July 12, 2012 admin

Racism

Where does the Jewish protest against racism begin?

It doesn’t start with the Jewish People’s long experience of exile. It commences even earlier, in a time almost before time itself, on the sixth day of creation, when God is understood to say ‘Let us make man in our image and according to our likeness’. (Genesis 1:26) ‘Man’ here is neither black nor white, neither Jewish nor non-Jewish, for no such divisions exist. All life is sacred and God is present in every human form. There is no person devoid of God’s image and whose existence does not reveal some unique, otherwise unapprehended aspect of God’s world. Nor is the word ‘man’ gender-specific, suggests the Talmud, for the first person was neither male nor female, but both.

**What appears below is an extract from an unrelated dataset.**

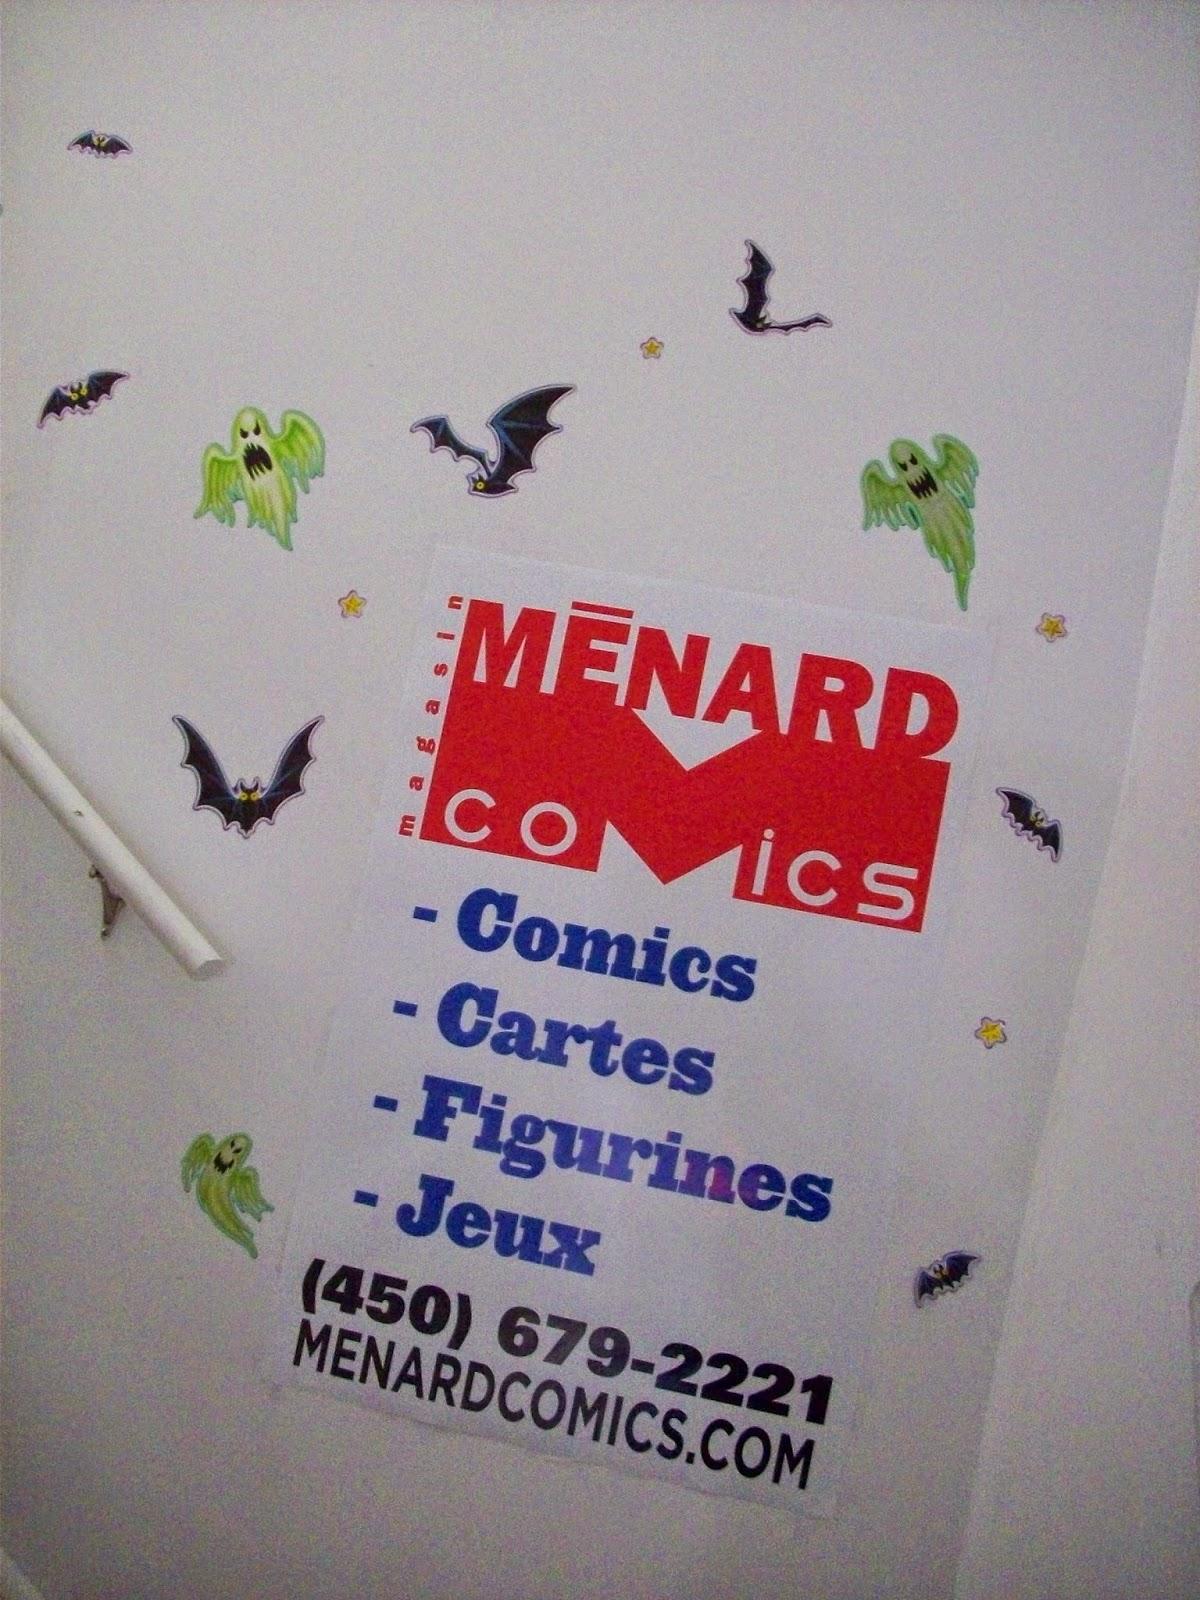 menard comics

The story is told of how Rabbi Elazar son of Rabbi Shimeon was returning home from his studies when he met a man described as ‘exceedingly ugly’. Proud of having learnt so much, he rudely failed to return the stranger’s greeting and called out instead, ‘Empty head, is everyone in your city as ugly as you?’ ‘Go’, said the man, ‘And tell the maker who fashioned me how ugly his works are!’ Instantly recognising his sin, Rabbi Elazar dismounted from his donkey and begged forgiveness. If only those who call Jews, Asians, Muslims, Africans or any one else ‘ugly’ would recognise as quickly that we are made in the same image and hurt in similar ways, and climb down from the easy haven of our racism, and apologise.

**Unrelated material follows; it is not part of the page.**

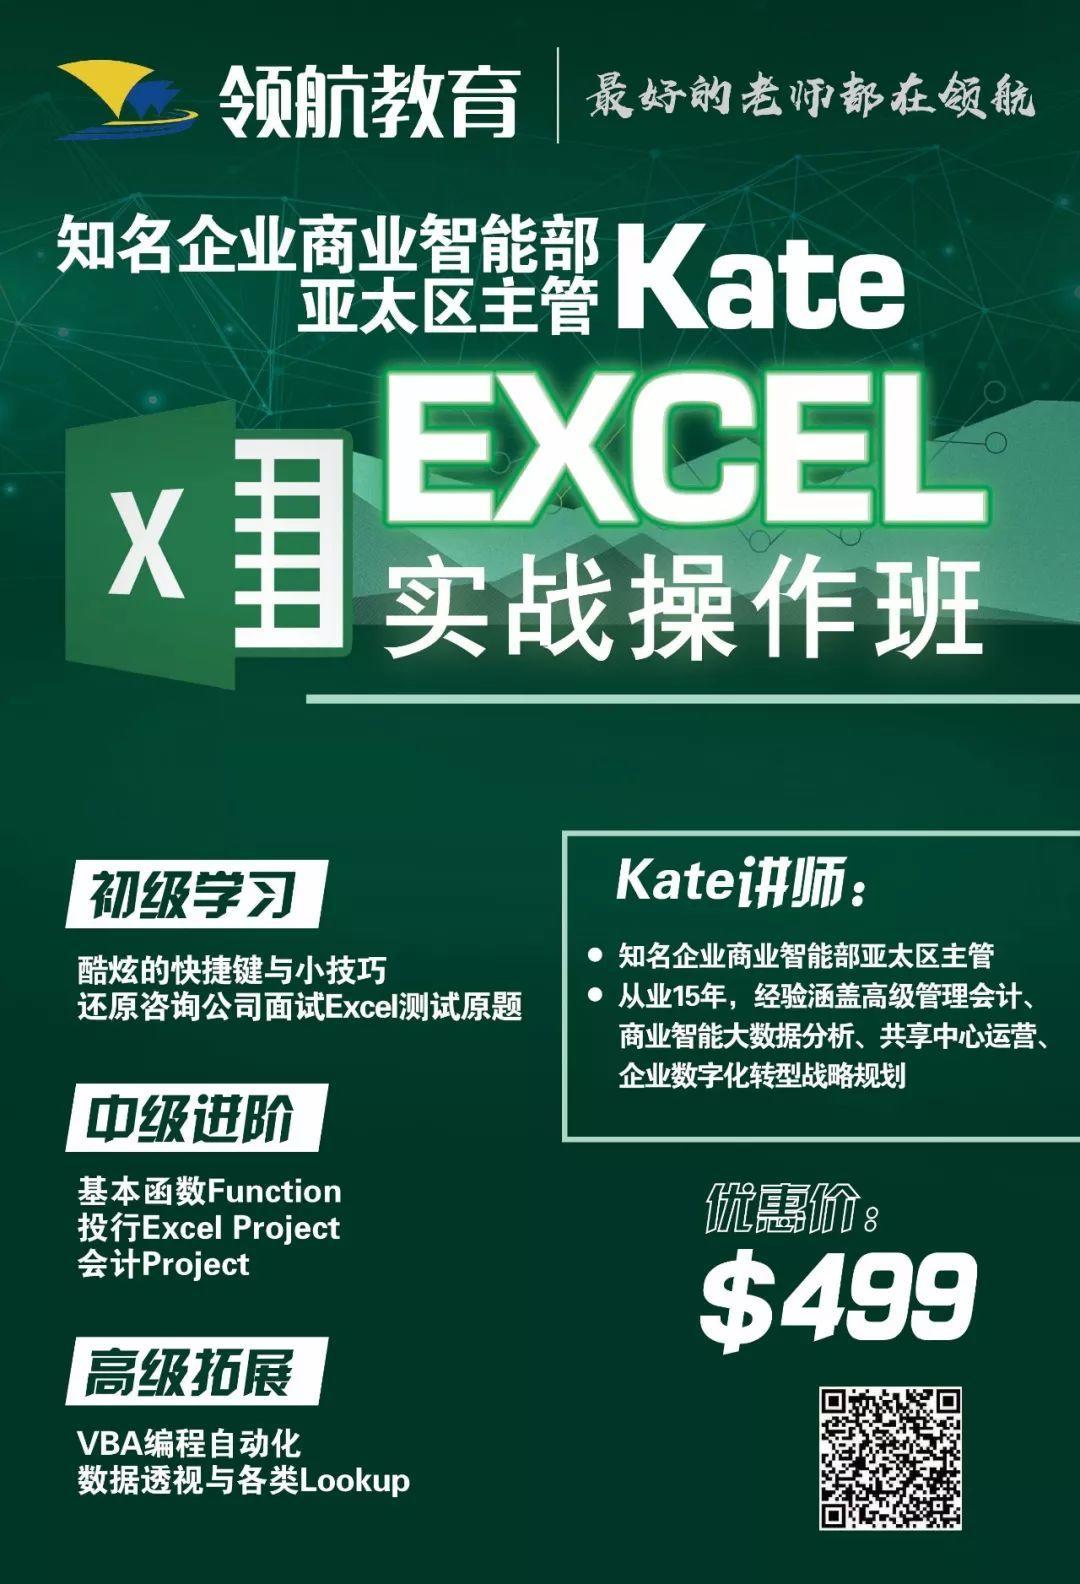 【揭秘】投行/四大面试通关技能全公开,你和Excel高阶玩家的距离只差这篇文章!

‘You shall love the stranger like your own self, for you were strangers in the Land of Egypt’, teaches the Torah (Leviticus 19:24). Rabbi Natan comments sharply, ‘Don’t lay your own blemish upon others’. Is it really a blot or blemish to be a stranger? One would have hoped not. But Rabbi Natan is reflecting on the already long Jewish experience of marginalisation and dispossession, on the slave-market and the overseer’s whip. He knows. Had he written not in the 2ndbut in the 20th century his comment would surely have been stronger.

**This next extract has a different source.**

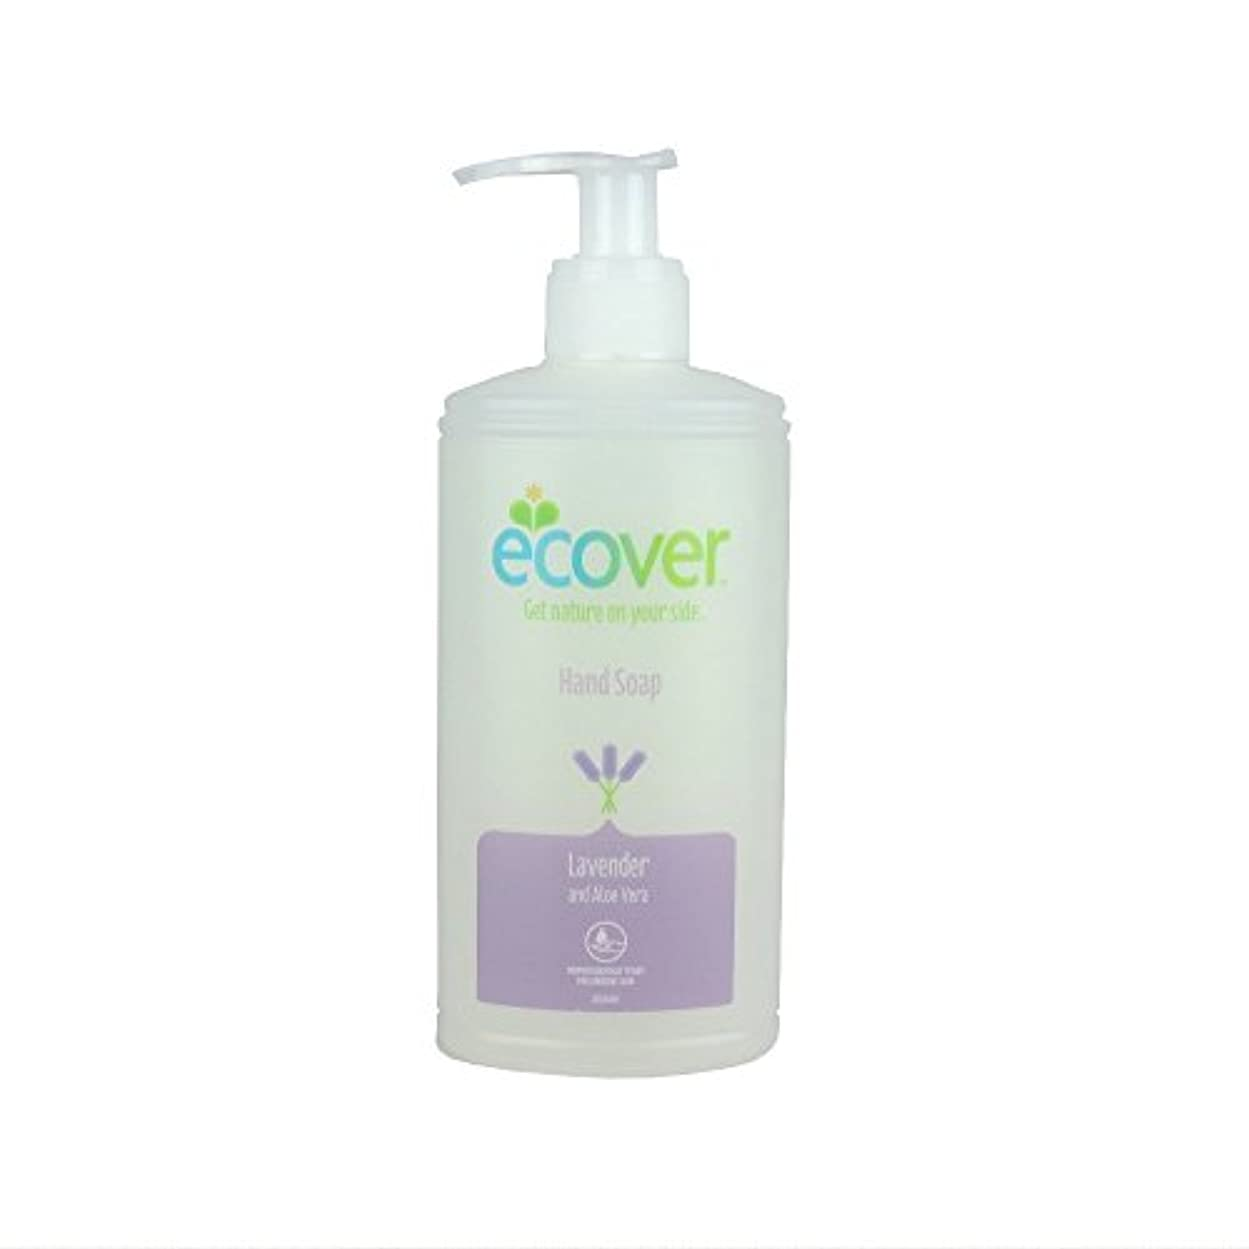 ハイブリッド醸造所適性Ecover Liquid Hand Soap Lavender & Aloe Vera (250ml) 液体ハンドソープラベンダーとアロエベラ( 250ミリリットル)をエコベール

Jews have long been, and continue to be, victims of what has been called ‘the oldest hate’. It therefore troubled me when a Muslim colleague asked for my help. The English Defence League have exploited the Israeli flag in anti-Islam rallies, co-opting the beautiful symbol of our hope and freedom and into a disgusting campaign. Purportedly Jewish bloggers have written virulent anti-Muslim poison. There is only one response: Not in Judaism’s name, which commands us to stand alongside anyone who is the victim of such hate.

I was pained, too, to read the words of Aliyana Traison, Deputy Editor of Haaretz, following vicious attacks on Africans in the South Tel Aviv where she lives: ‘The racism that has engulfed Israeli society cannot be ignored, lest we wish to destroy ourselves.’ She’s not afraid to live alone in her street, she continues, but ‘I am afraid…to live alone in a hateful society. I am afraid to live alone in a country where my government supports discrimination and racism.’ This, she adds, in a land created by refugees as a haven for those who know what that means.

And what is it like around the corner from us? I was pained also, but moved, to learn from members of our own community of how they struggled to prevent an NHS hospital from turning onto the sodden street a homeless asylum-seeker the day after her baby’s birth.

These issues define the living meaning of our Judaism. There’s none of us they don’t concern.